## What needs to be done
Output the listing below exactly, minus its images.
··· Available data
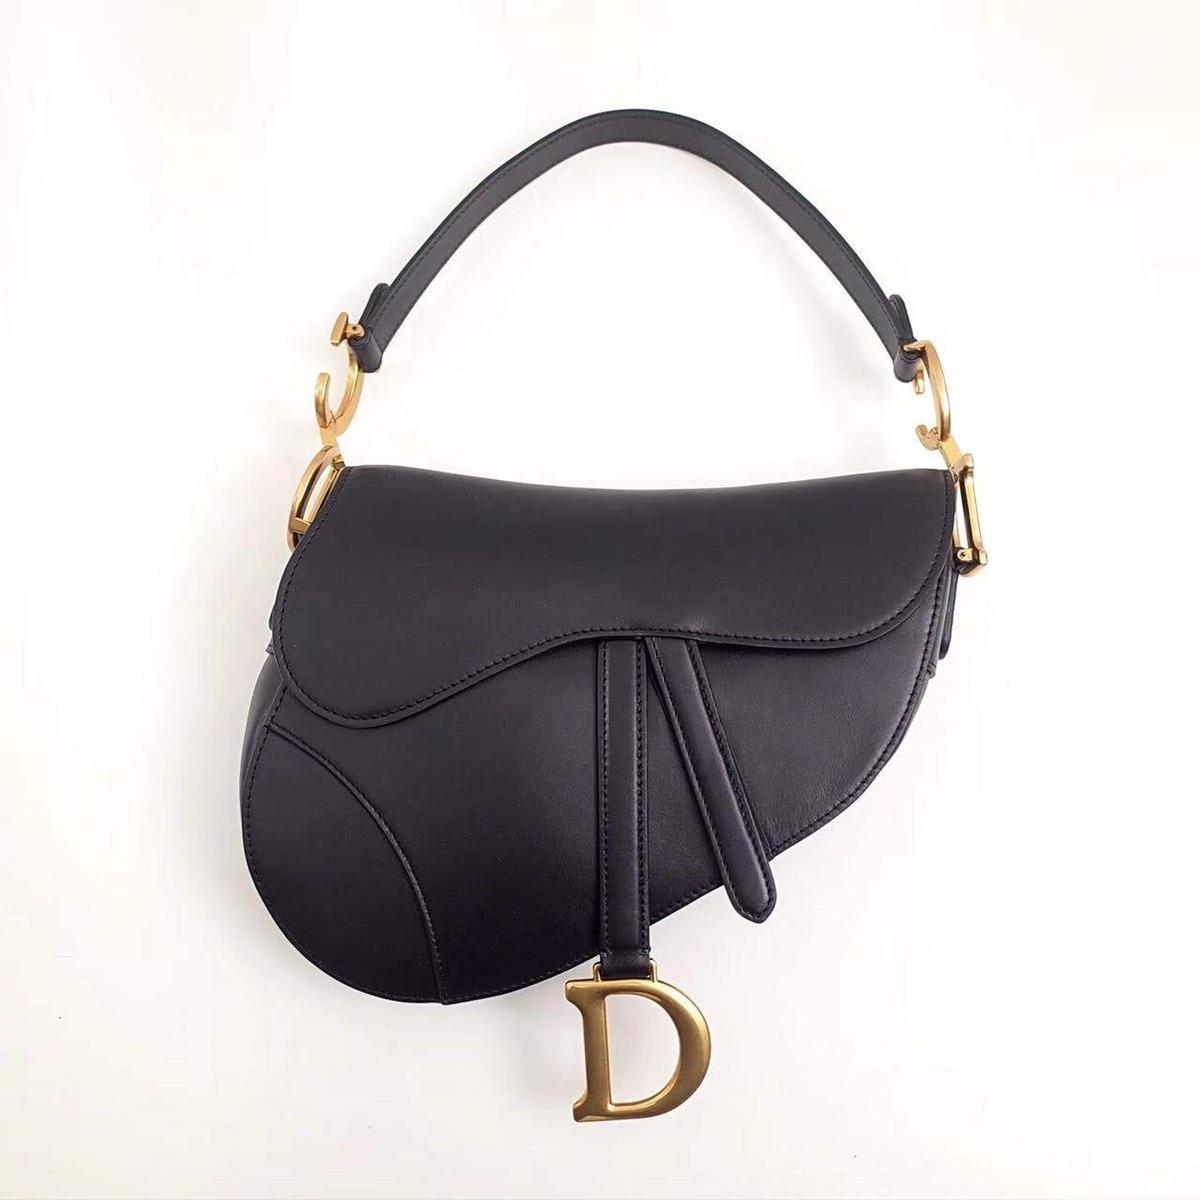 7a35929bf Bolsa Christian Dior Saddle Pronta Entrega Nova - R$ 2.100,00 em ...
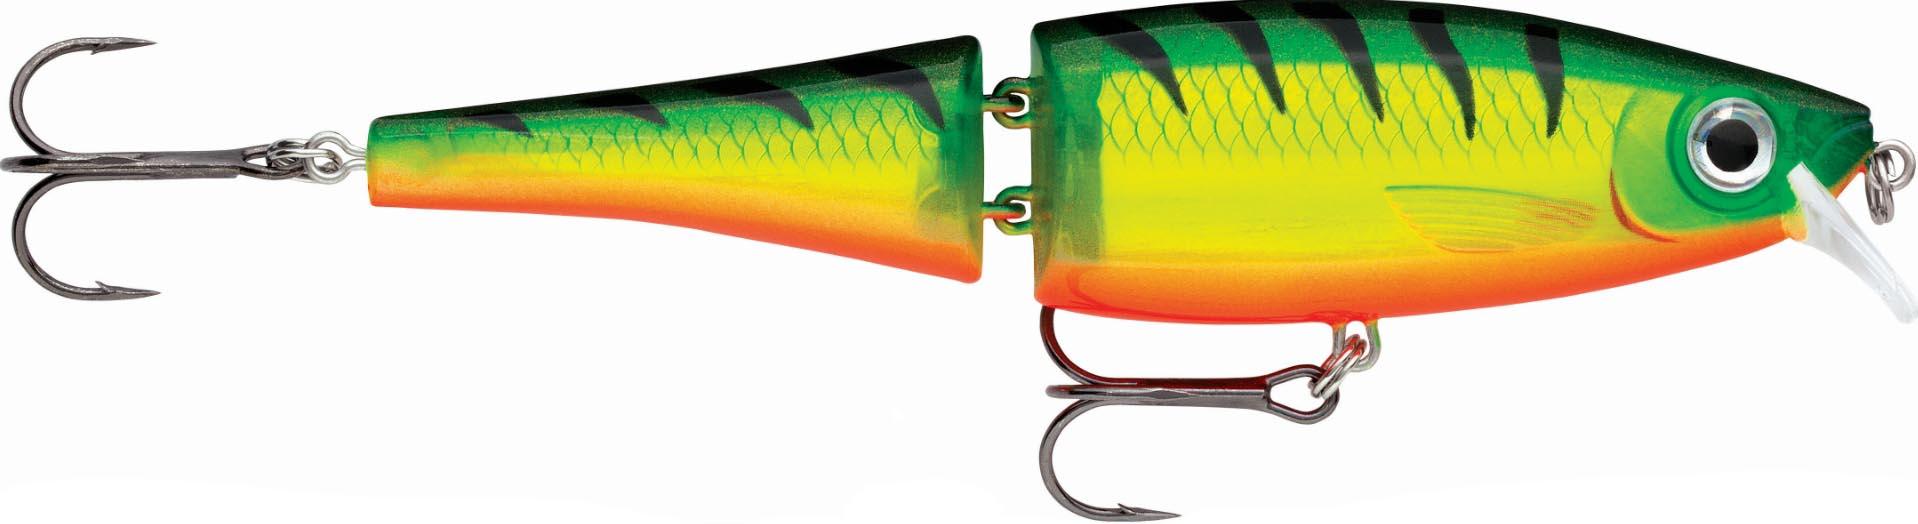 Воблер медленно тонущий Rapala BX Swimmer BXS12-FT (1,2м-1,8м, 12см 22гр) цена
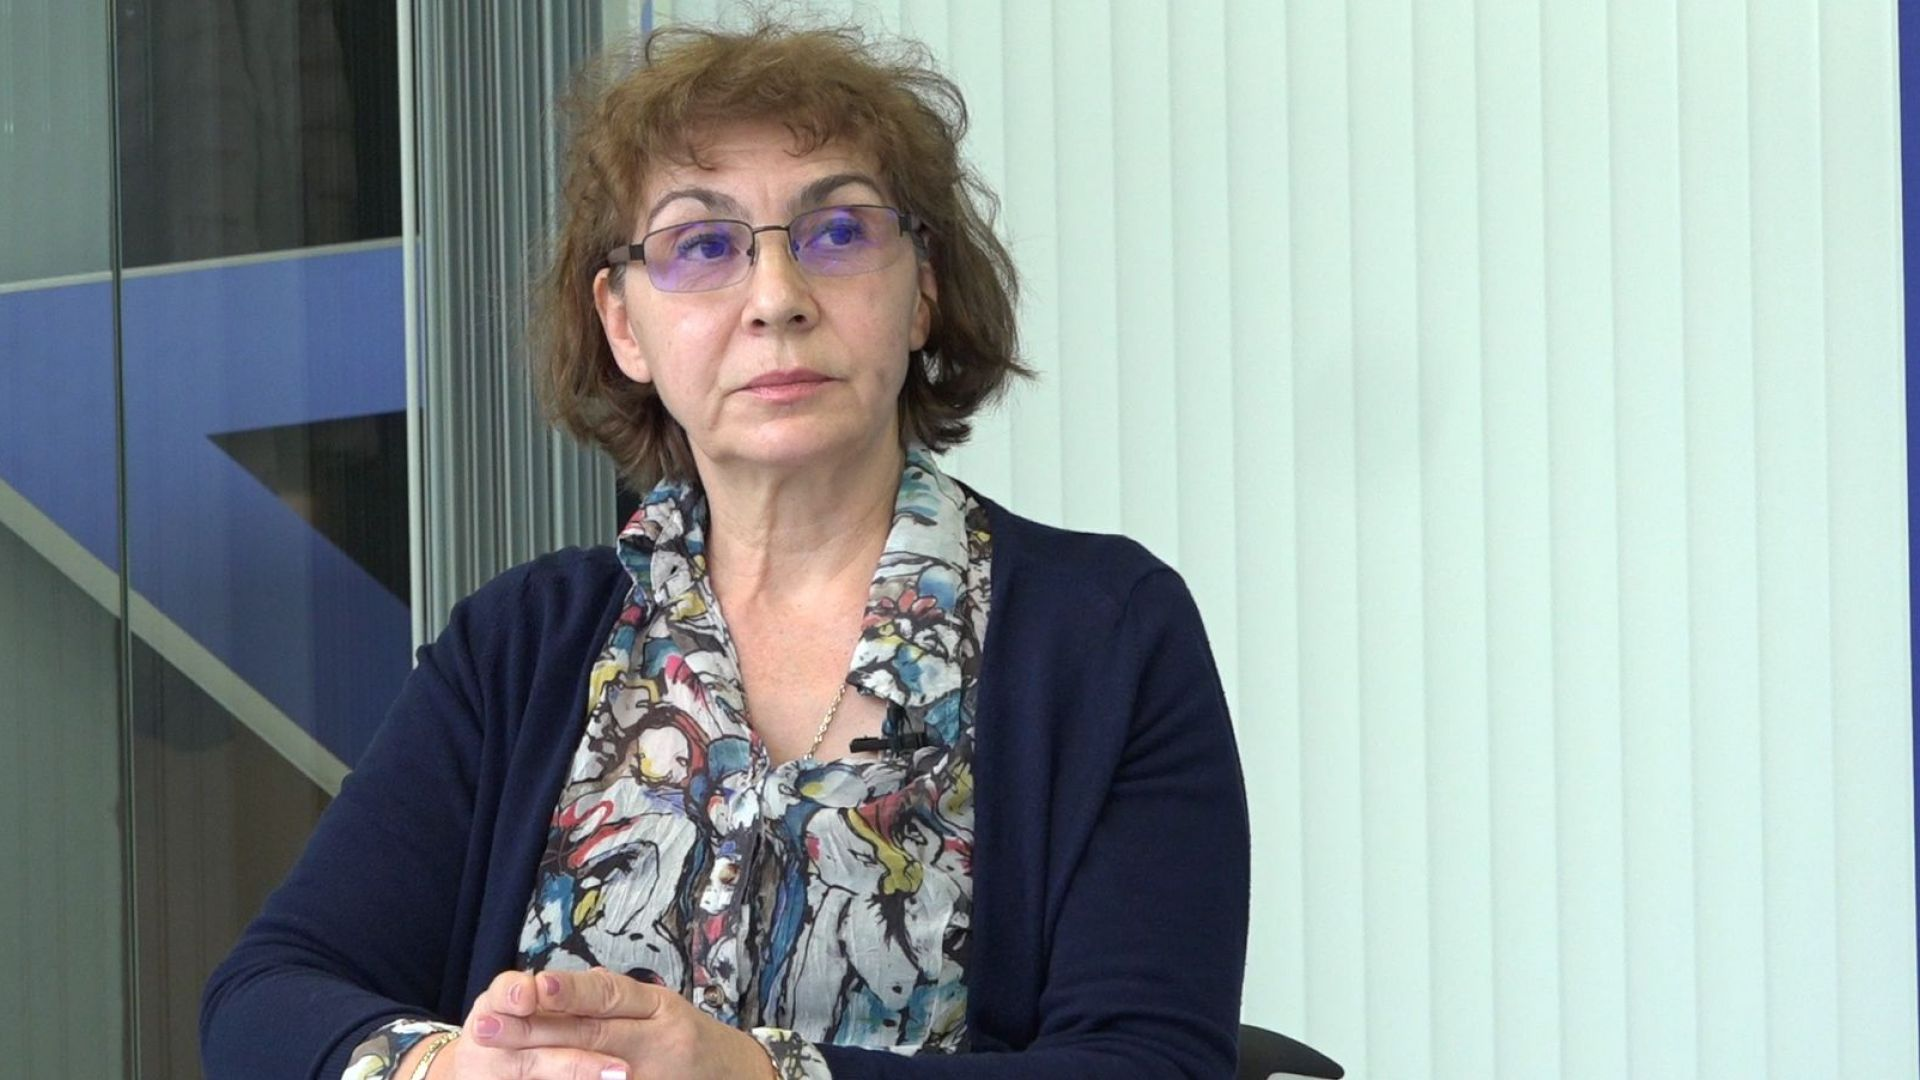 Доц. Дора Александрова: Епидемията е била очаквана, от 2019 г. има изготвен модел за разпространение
······
## Result below
 7a35929bf Bolsa Christian Dior Saddle Pronta Entrega Nova - R$ 2.100,00 em ...
 Воблер медленно тонущий Rapala BX Swimmer BXS12-FT (1,2м-1,8м, 12см 22гр) цена
 Доц. Дора Александрова: Епидемията е била очаквана, от 2019 г. има изготвен модел за разпространение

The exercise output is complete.